Task description
Of the lines below, write out exactly those from the line with "CHP Önceki Dönem" through the line with "Noticias del sector", both included, and skip the rest.

Start of Data for this exercise

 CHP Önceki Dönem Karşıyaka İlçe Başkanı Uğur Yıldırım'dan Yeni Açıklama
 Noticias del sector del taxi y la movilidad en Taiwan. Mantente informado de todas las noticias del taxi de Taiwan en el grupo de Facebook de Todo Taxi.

End of Data for this exercise
Start of Data for this exercise

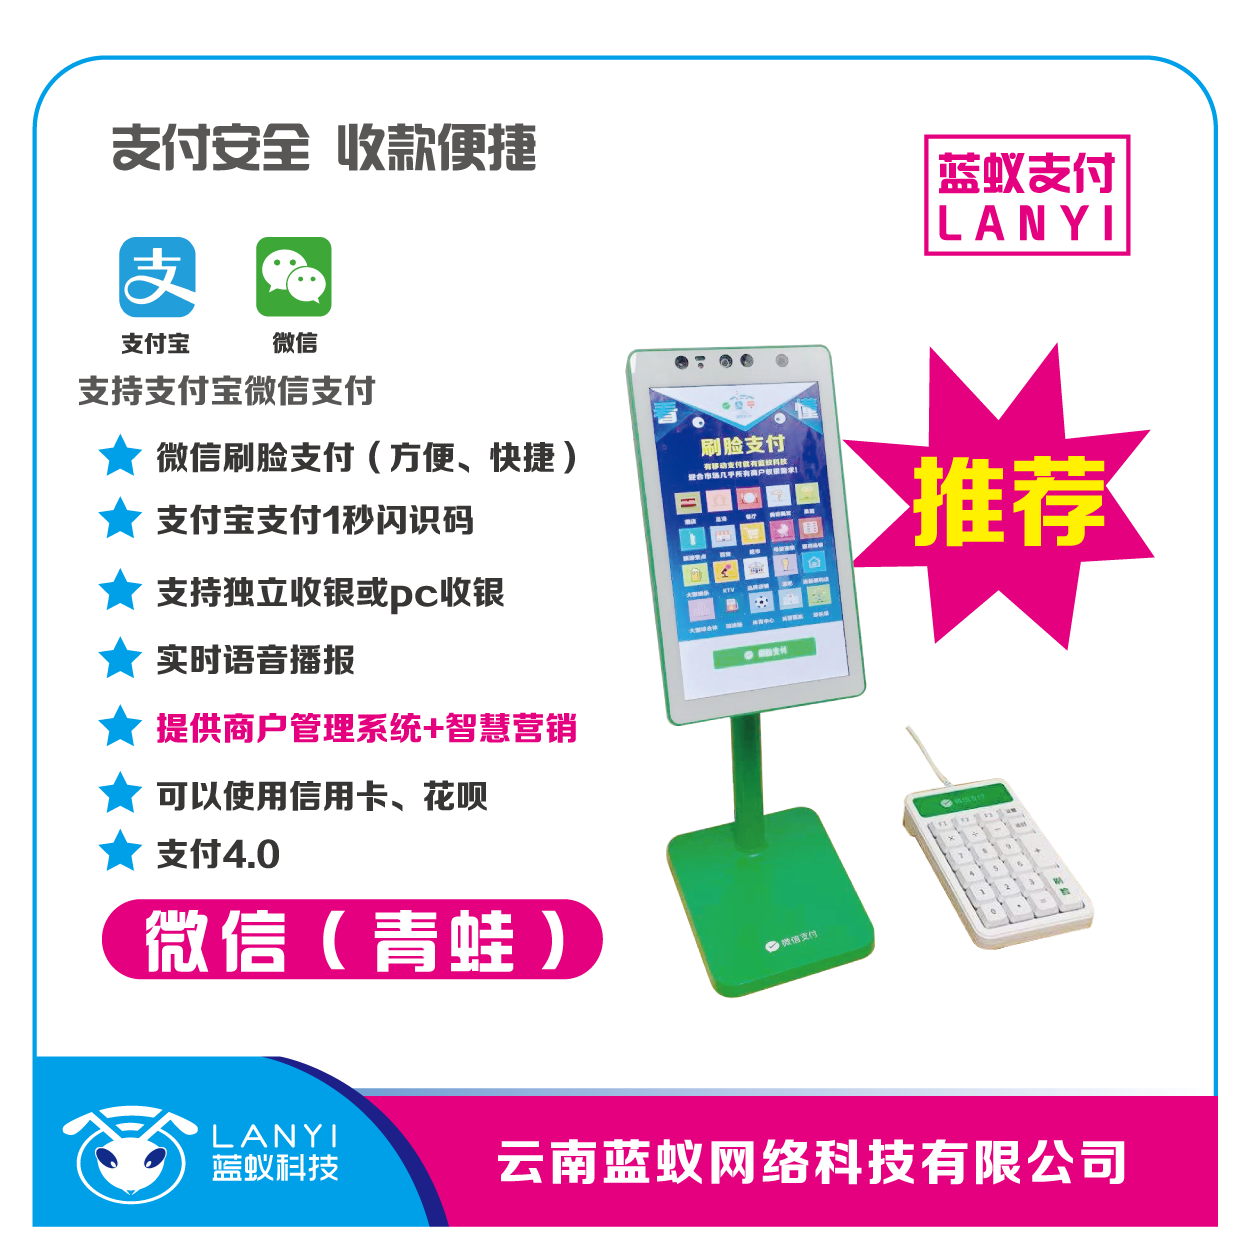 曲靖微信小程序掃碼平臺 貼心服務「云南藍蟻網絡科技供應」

End of Data for this exercise

Your response
 CHP Önceki Dönem Karşıyaka İlçe Başkanı Uğur Yıldırım'dan Yeni Açıklama
 Noticias del sector del taxi y la movilidad en Taiwan. Mantente informado de todas las noticias del taxi de Taiwan en el grupo de Facebook de Todo Taxi.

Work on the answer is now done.